* Recorded information:
______
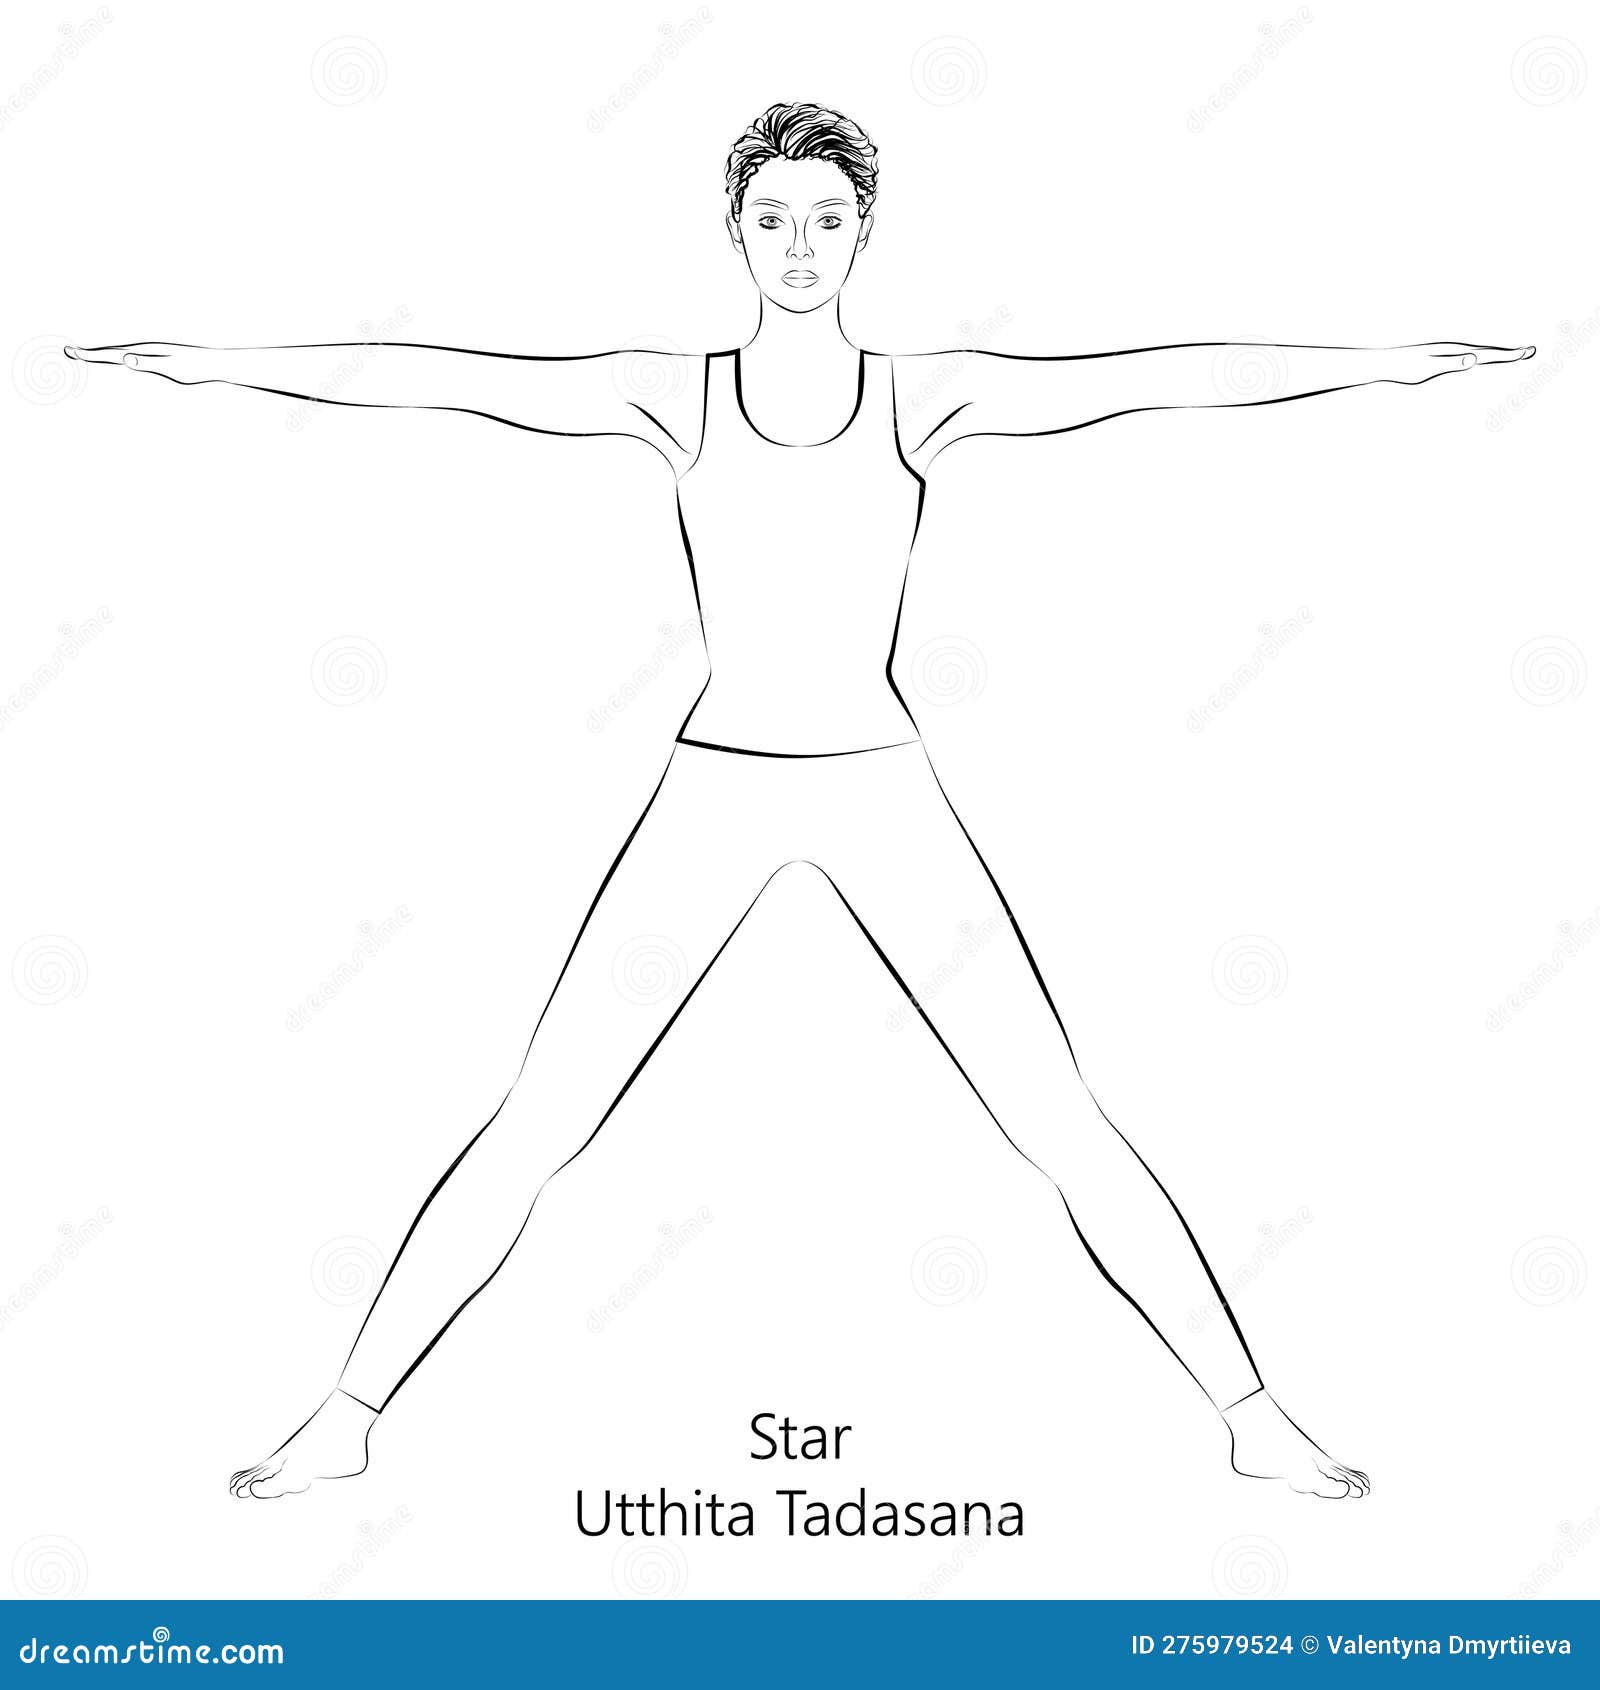 yoga poses - Five Pointed Star position (utthita tadasana)… | Flickr
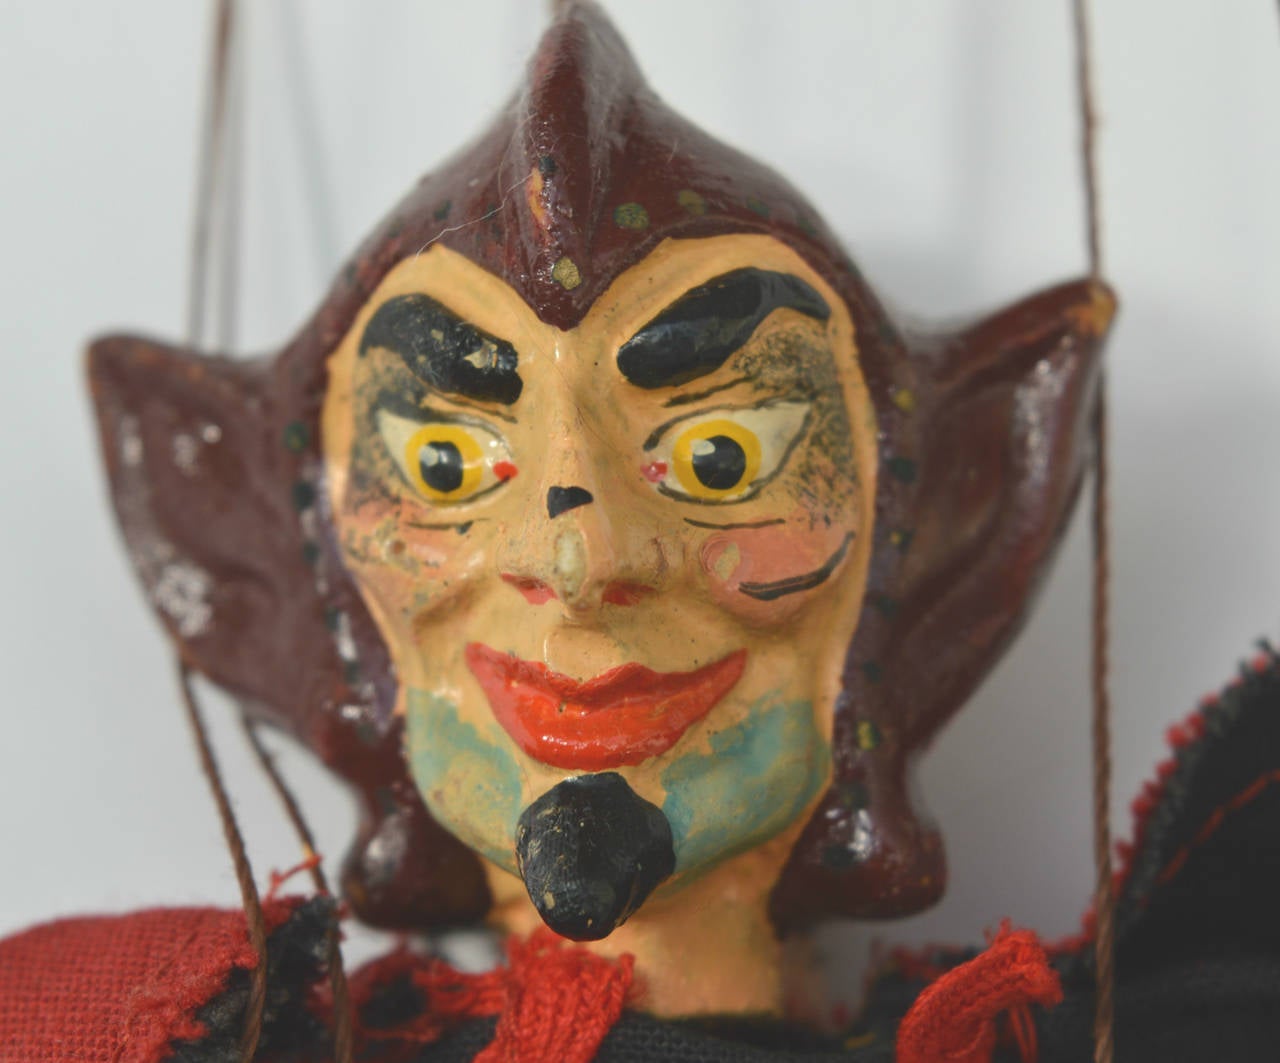 Czech Devil Marionette by the Master Puppet Maker of Prague, Milos Kasal, 1940s
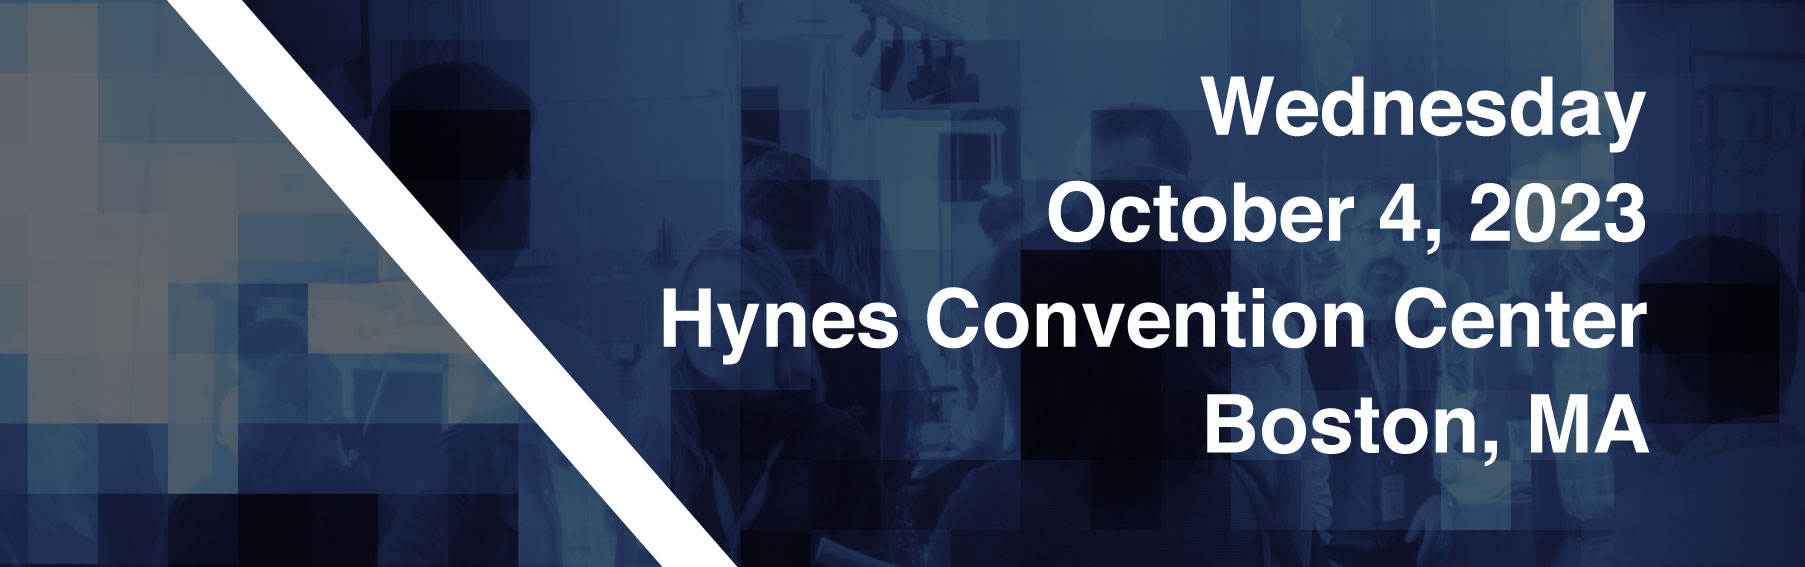 Boston Lights , Wednesday October 4, 2023, Hynes Convention Center. Boston, MA
______
Transcribe the material as is, with images omitted.

* Result for this task:
 yoga poses - Five Pointed Star position (utthita tadasana)… | Flickr
 Czech Devil Marionette by the Master Puppet Maker of Prague, Milos Kasal, 1940s
 Boston Lights , Wednesday October 4, 2023, Hynes Convention Center. Boston, MA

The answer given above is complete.